As always your info was more detailed and technical. Your use of graphics was excellent. A picture is worth a thousand words, especially when the reader isn't sure what the words mean. I ,for one, really appreciate your posts and edification efforts.
Thanks - Stacy
 
Tommegow, the highest temperature in tempering determines the final hardness. For those simple steels one temper should be enough.For the more complex steels two or even three would be better. For blades 2 hours each temper.
 
Kevin,

...I find it somewhat strange that we have no problems with letting fresh martensite sit at zub-zero for hours but hear that we can not let it sit at RT for 5 minutes without worying about it cracking.

I understand that if you have something like an oil hardened die with a complex shape and adjacent thick and thin sections that spontanious cracking could be an issue. However, given the simple shape of a blade using air hardening steel, do you think spontanious cracking is really an issue?

Thanks,

Jim

I tend to agree, in that we work with incredibly simple cross sections compared to the rest of industry, and often get a little too paranoid about the issue.

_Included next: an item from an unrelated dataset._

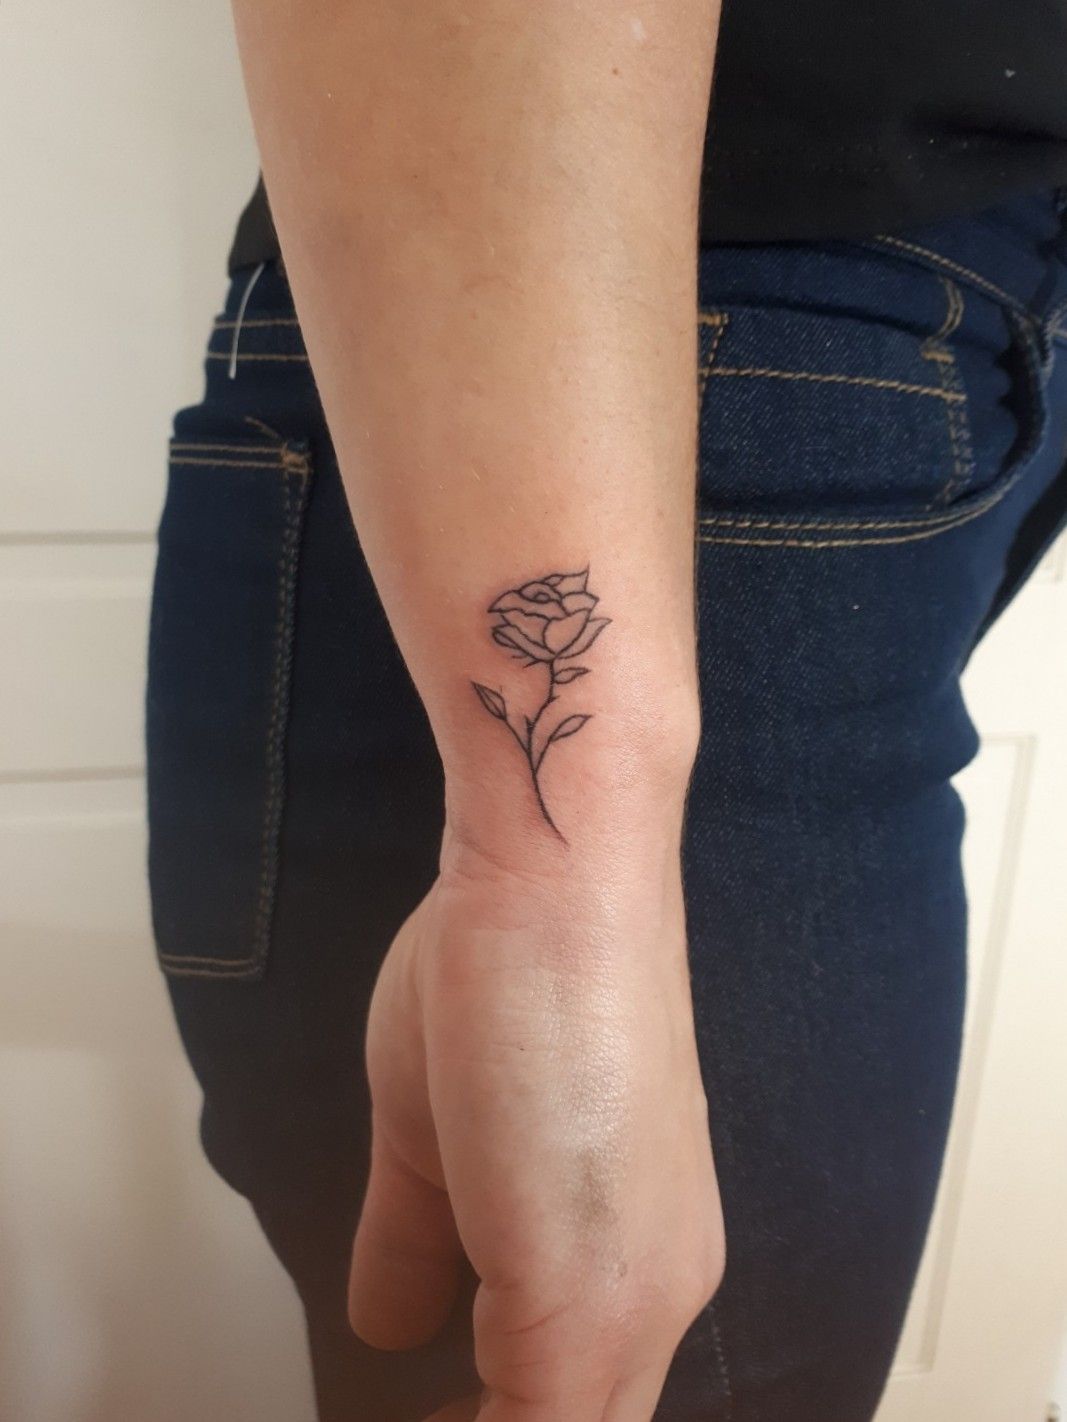 Tiny sprout tattoo on the back of the left arm

However I also too often see folks who simply do not take tempering seriously enough, probably due to the insufficient intial hardness most smiths obtain in their blades. Running code red to the oven like the white rabbit who is late while the blade is still smoking from the oil is not practical, but waiting overnight and getting too relaxed will flirt with disaster. It is just common sense and being reasonable, quench to Mf and then get it tempered, don't blow it off, but there is no reason to panick either.

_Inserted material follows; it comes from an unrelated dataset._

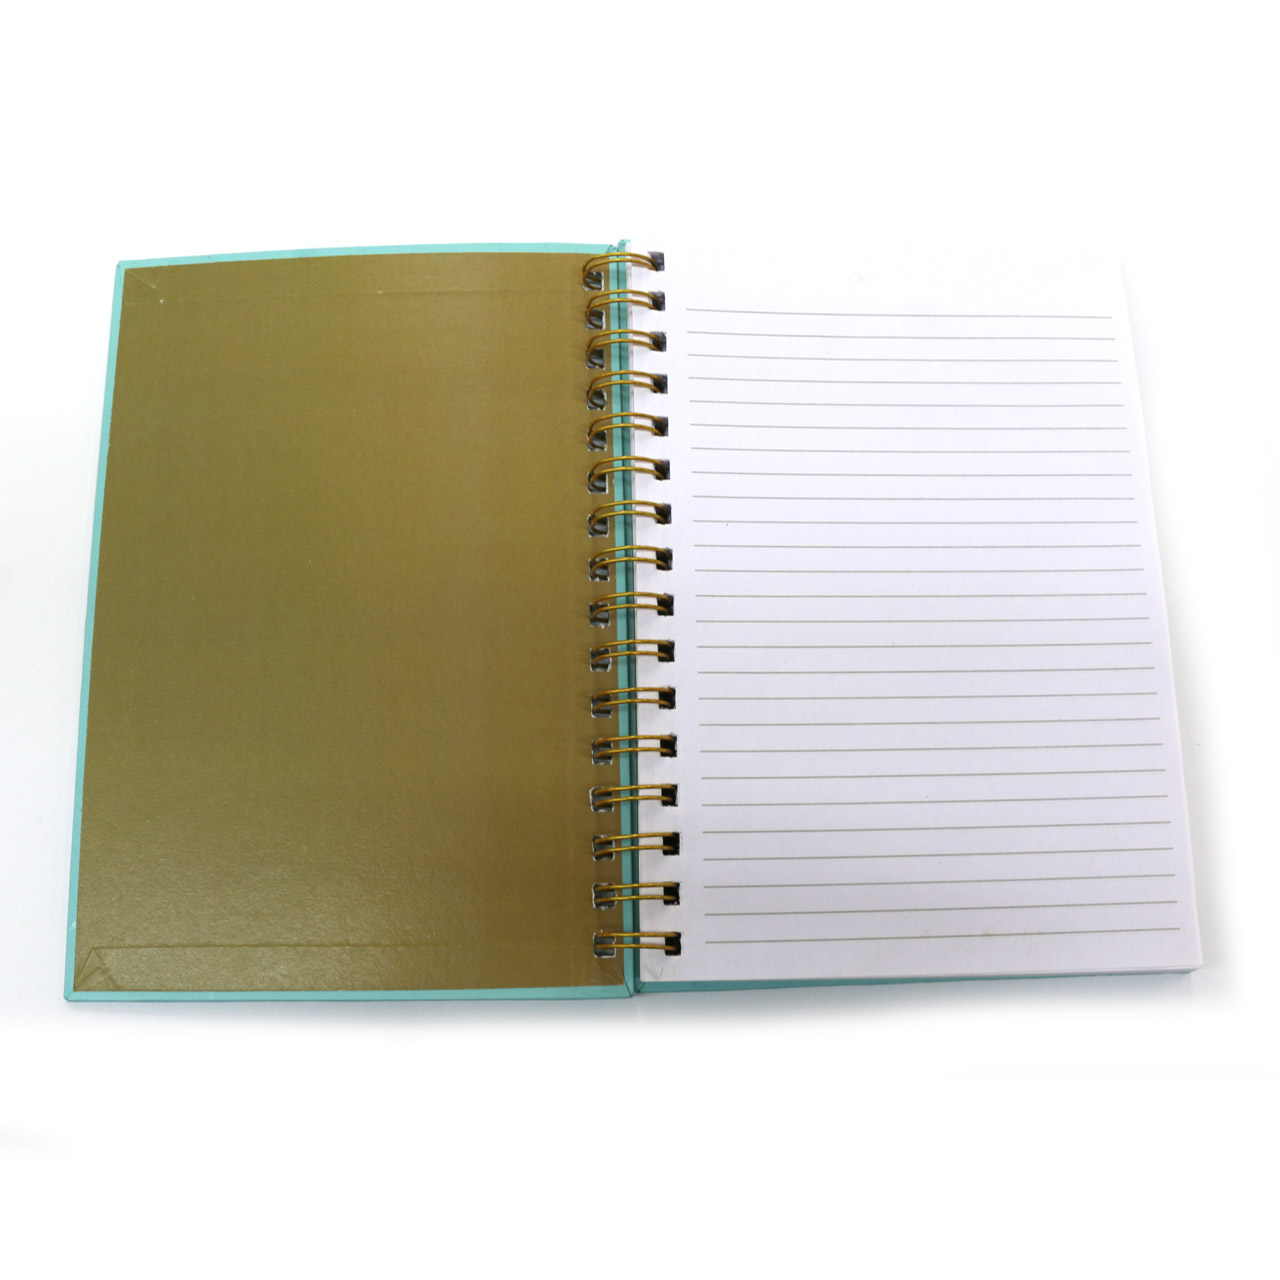 Hardcover Journal with Gold Accents, 100 Sheets

It is kind of amazing how folks will almost have a stroke obsessing over micro-issues that could develop in the seconds after the quench, yet have no problem with heating unknown scrap steel with a torch to who knows what temperature before plopping it into a bucket of lard and old 10W40:rolleyes: How do we determine what to fret over:confused:?
 
Lot of info here, and that's good.
maybe I can get some help on zeroing in on my steel of choice, for now,5160.
Kevin states "In the 375F to 400F range the initial drops in overall hardness will be seen. I rarely need to investigate a persons methods much more when I hear them say that they temper at 375F or less on a steel with .6% or more carbon, it is obvious that they didn’t fully harden it to begin with. "
Well, that puts 5160 right at the bottom of that scenario.
Can I assume that lower than 400 degree tempering is acceptable when using 5160 because the degree of hardness "as quenched" is lower due to the lower amount of carbon?
I've tempered 5160 in the 400-425 range and ended up with a glorified spring that wold not sharpen and tested on a hardness tester up on the spine and only found 48 HRC!
At the same time, I often see 350-375 for tempering temps suggested for 5160.
Is this because of the lower C.?
Or is 400 recommended for ALL non-stainless steels and I have other issues?